[Data Boundary: Start]
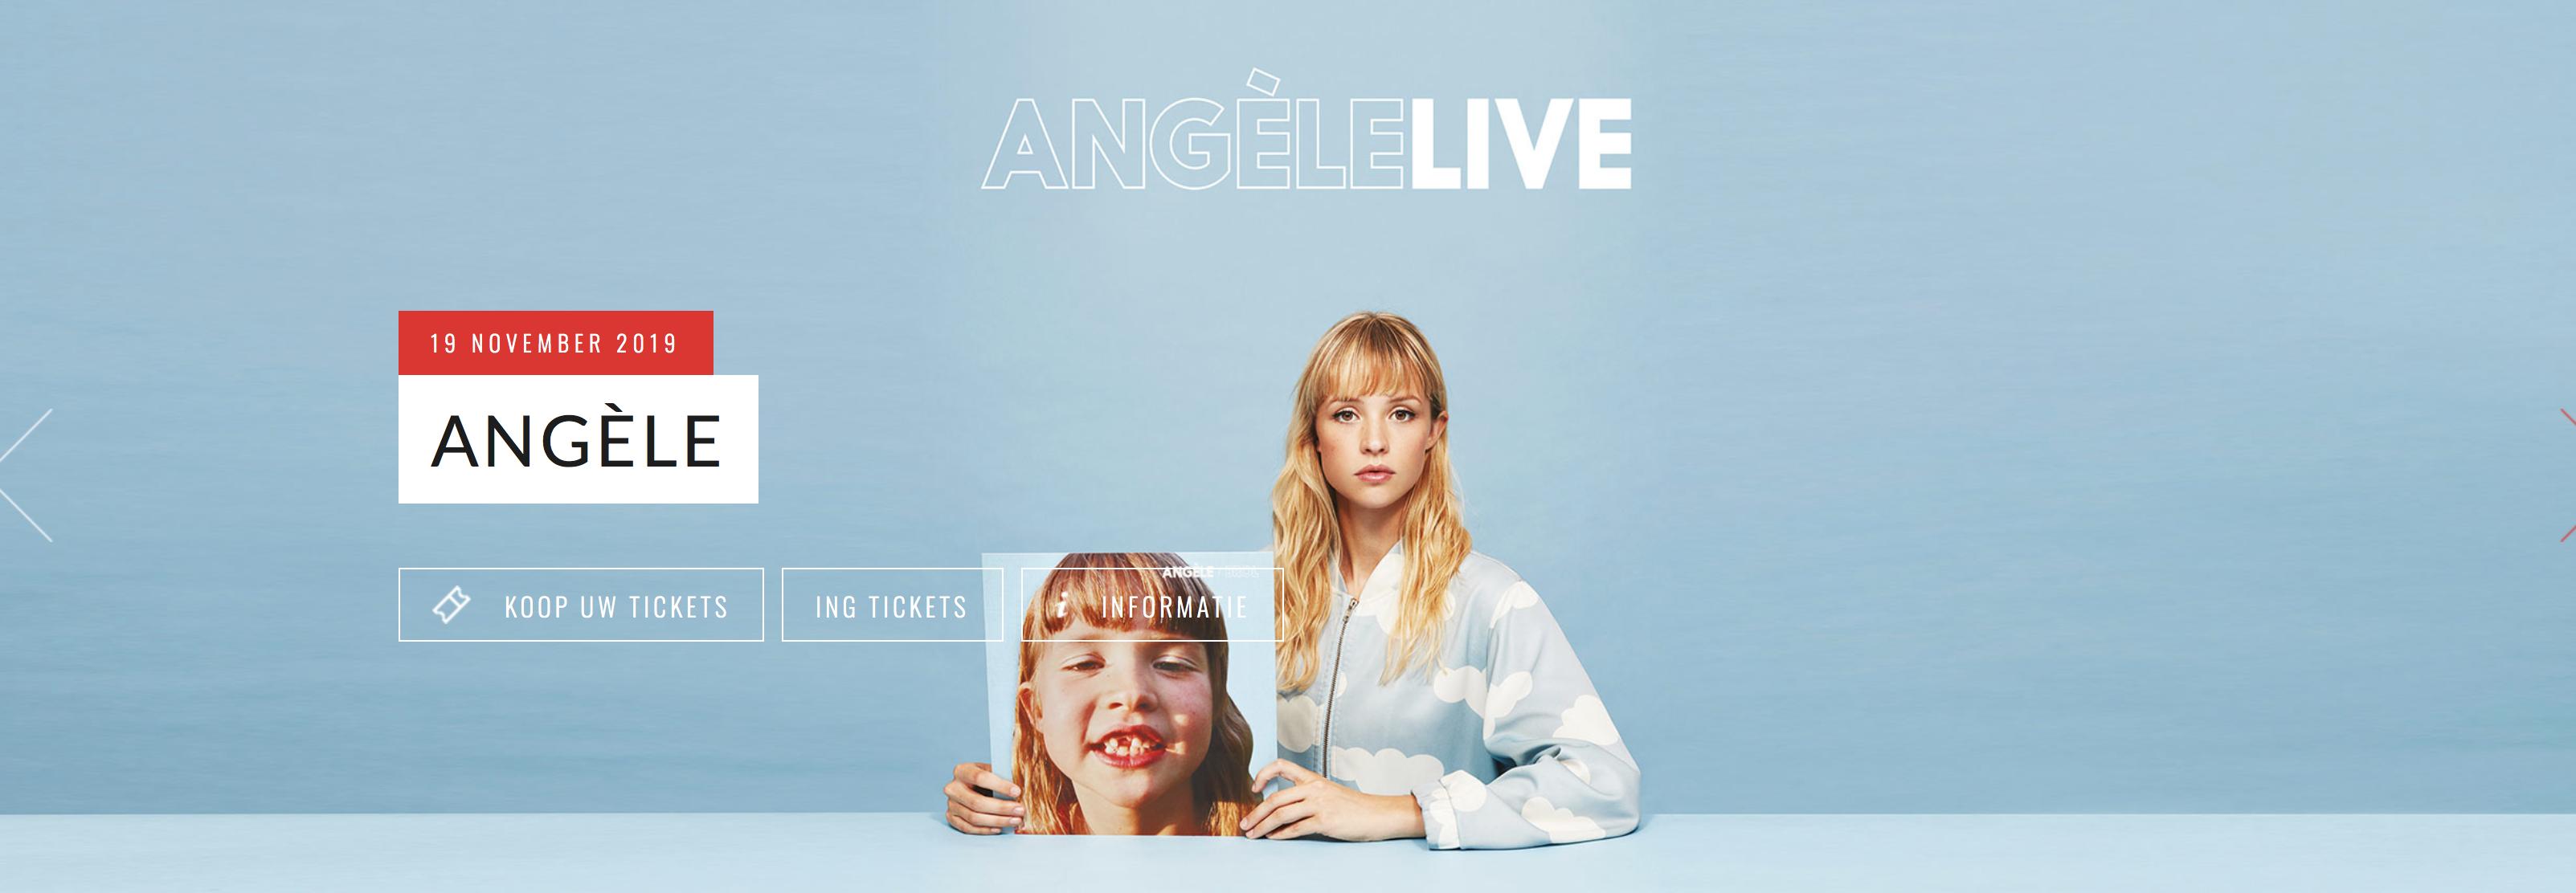 ANGÈlE - LIVE 19 NOVEMBER 2019
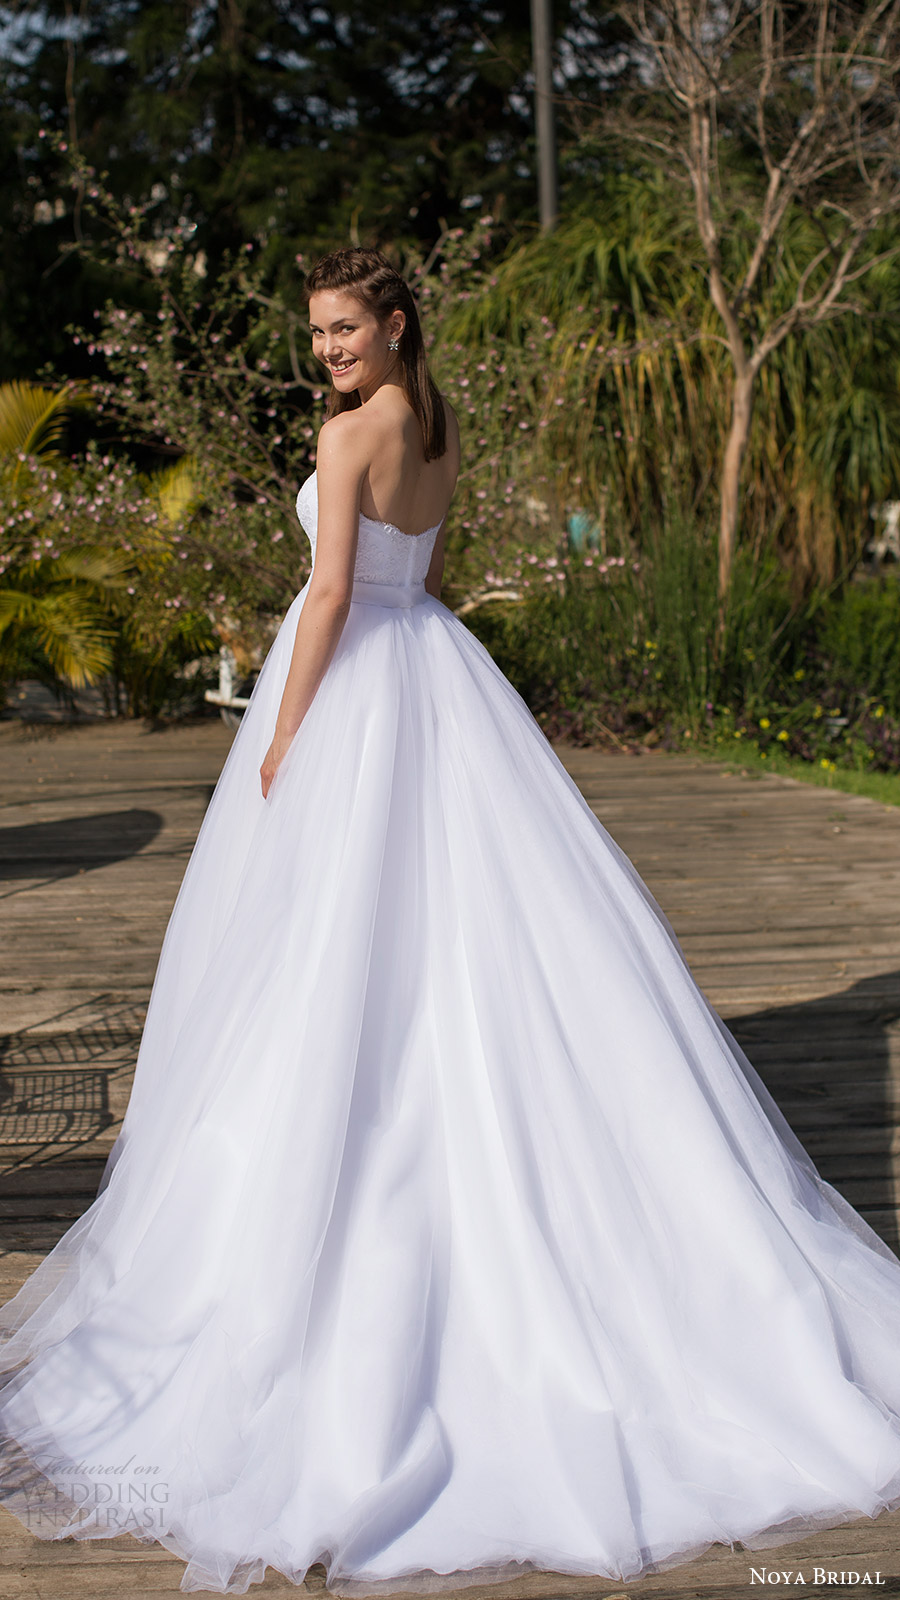 noya bridal 2016 3 strapless sweetheart ball gown wedding dress (1210) bv princess romantic
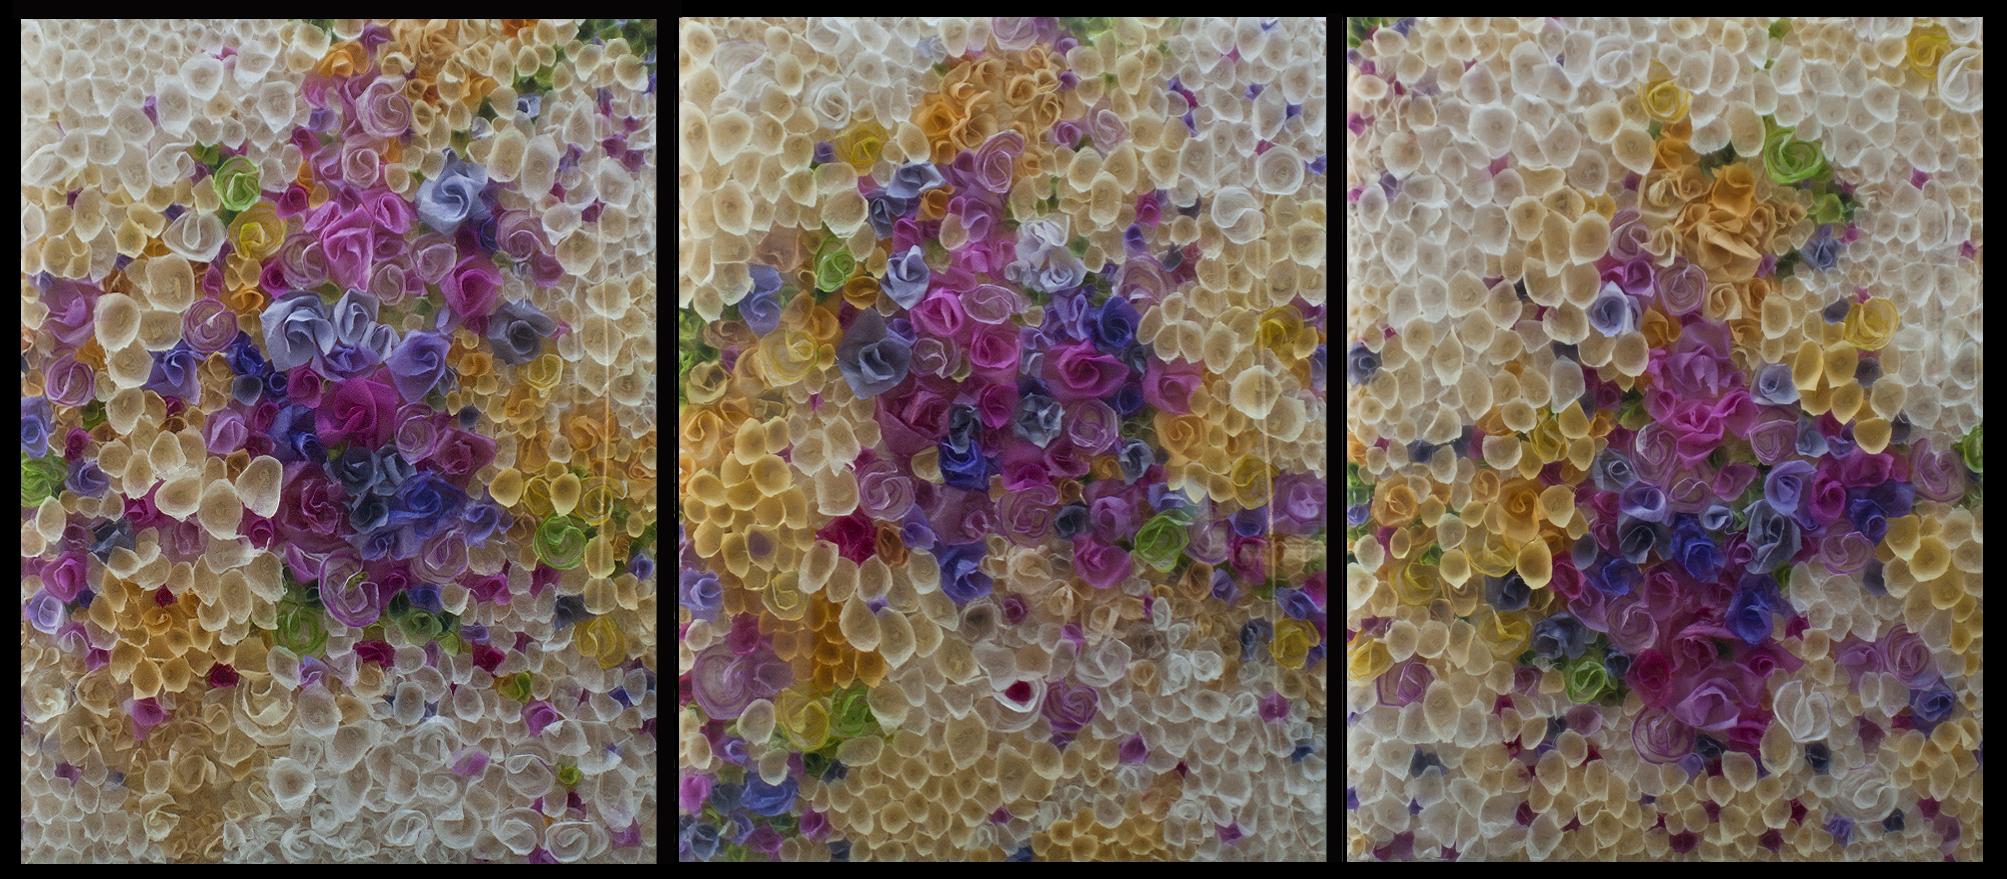 Sunburst 1, 2 & 3 triptych
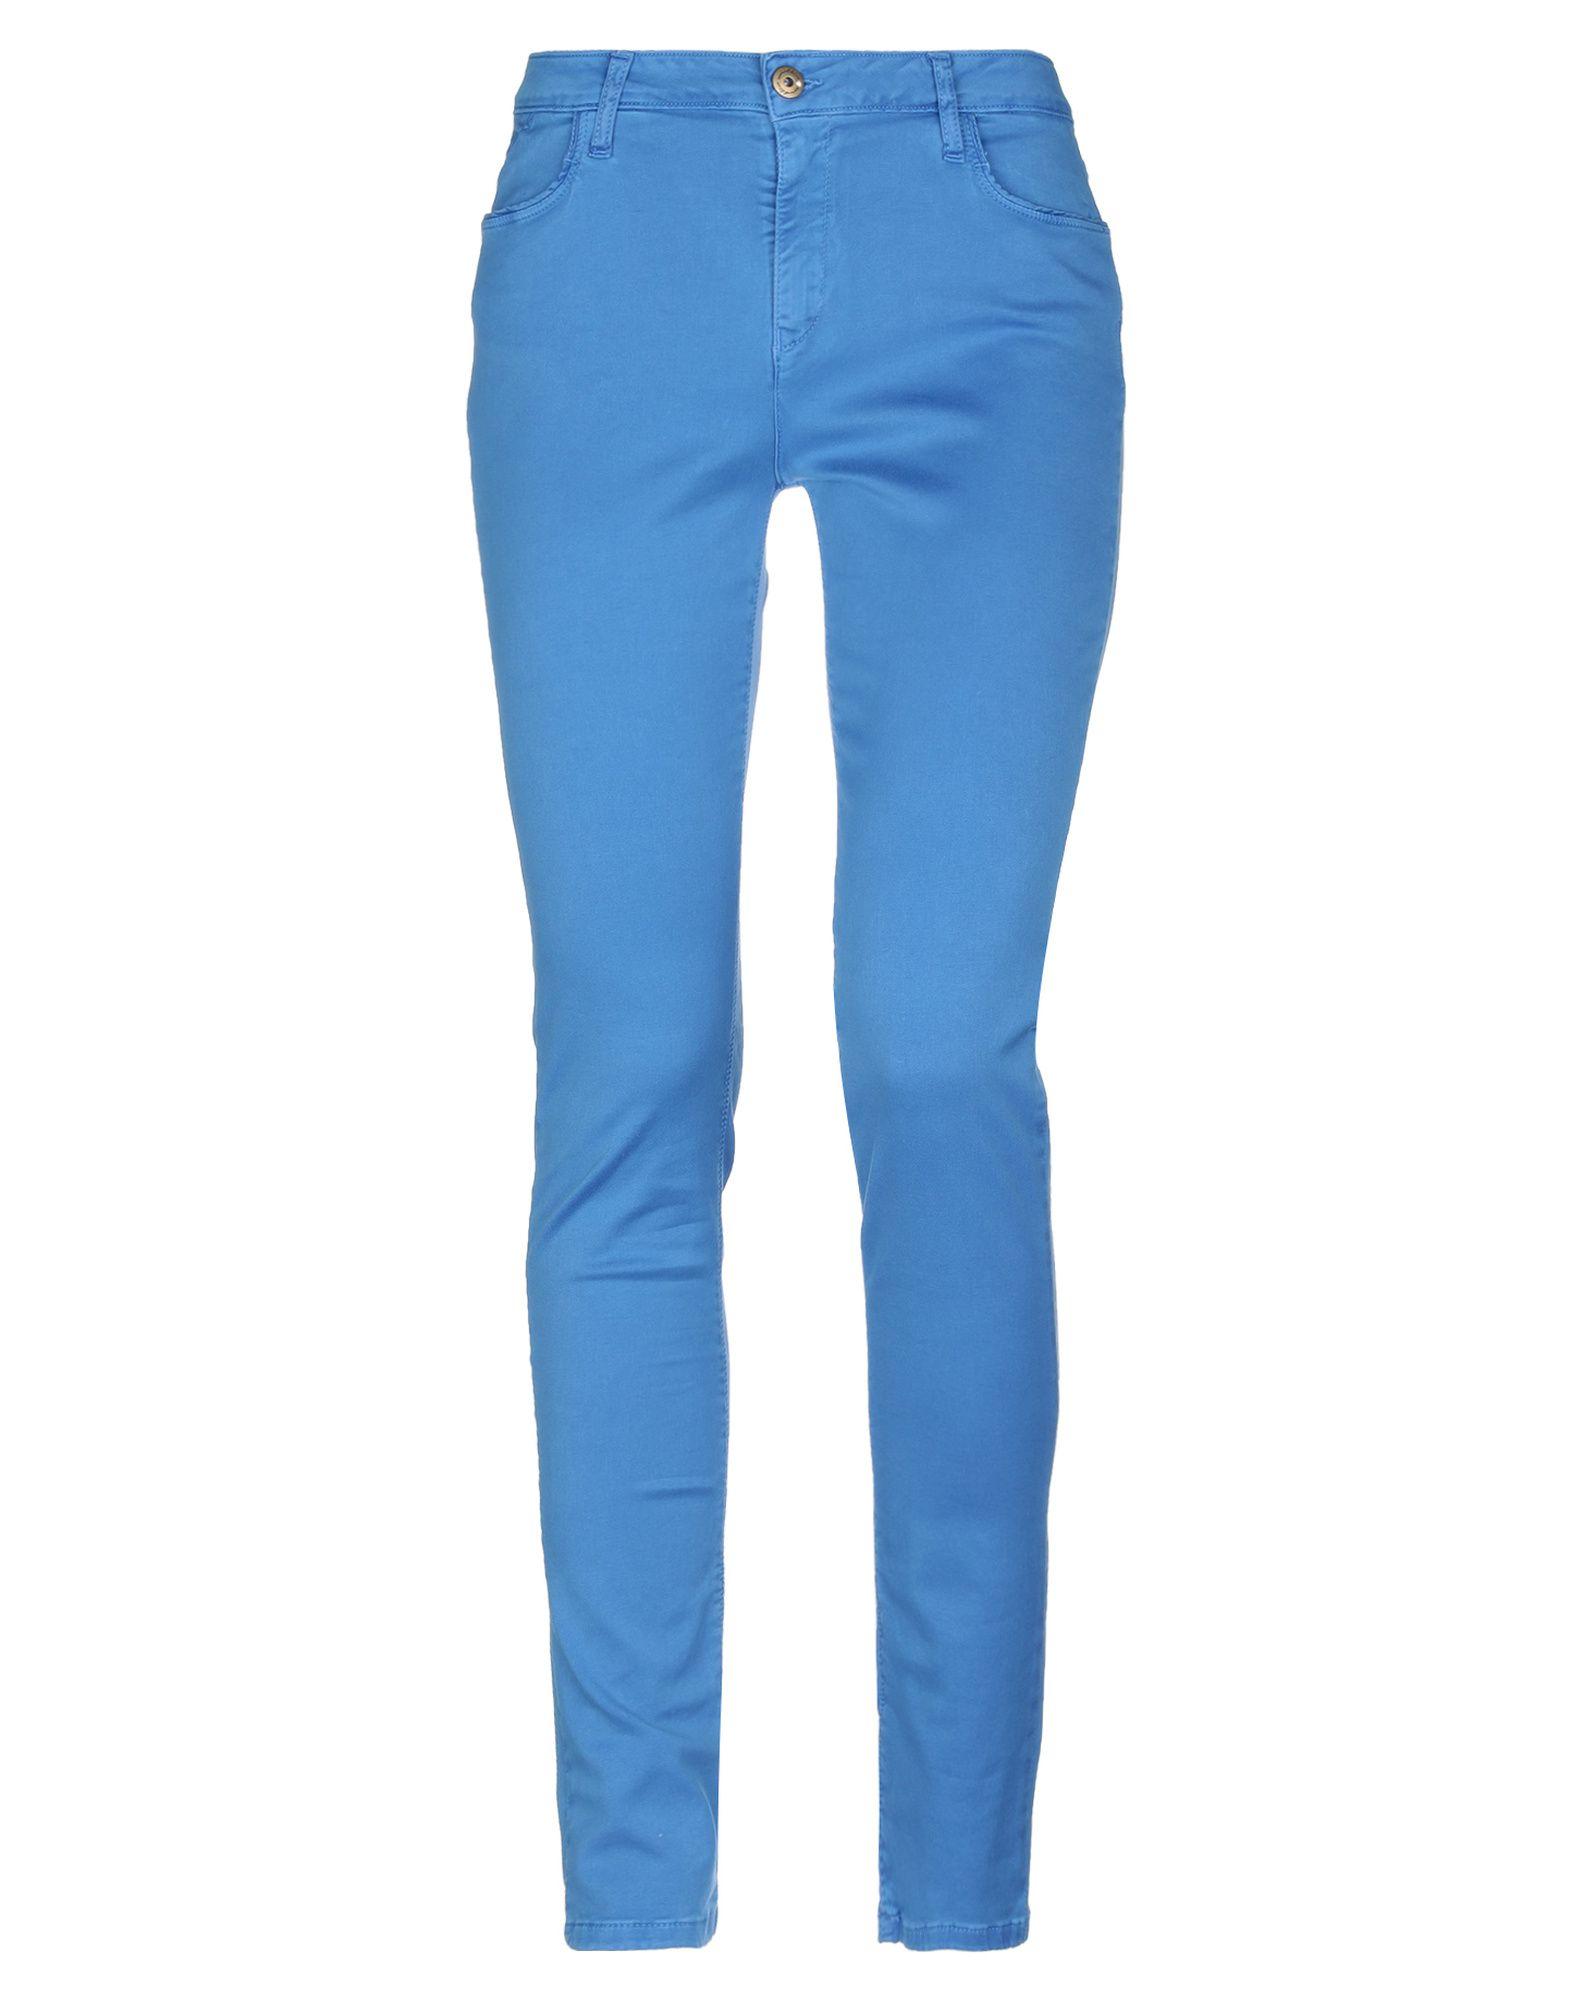 JUST BLUE by SOPHIE Джинсовые брюки цена 2017
[Data Boundary: End]
Transcribe the full listing exactly, but keep every image out of it.

§ Solution to this exercise
 ANGÈlE - LIVE 19 NOVEMBER 2019
 noya bridal 2016 3 strapless sweetheart ball gown wedding dress (1210) bv princess romantic
 Sunburst 1, 2 & 3 triptych
 JUST BLUE by SOPHIE Джинсовые брюки цена 2017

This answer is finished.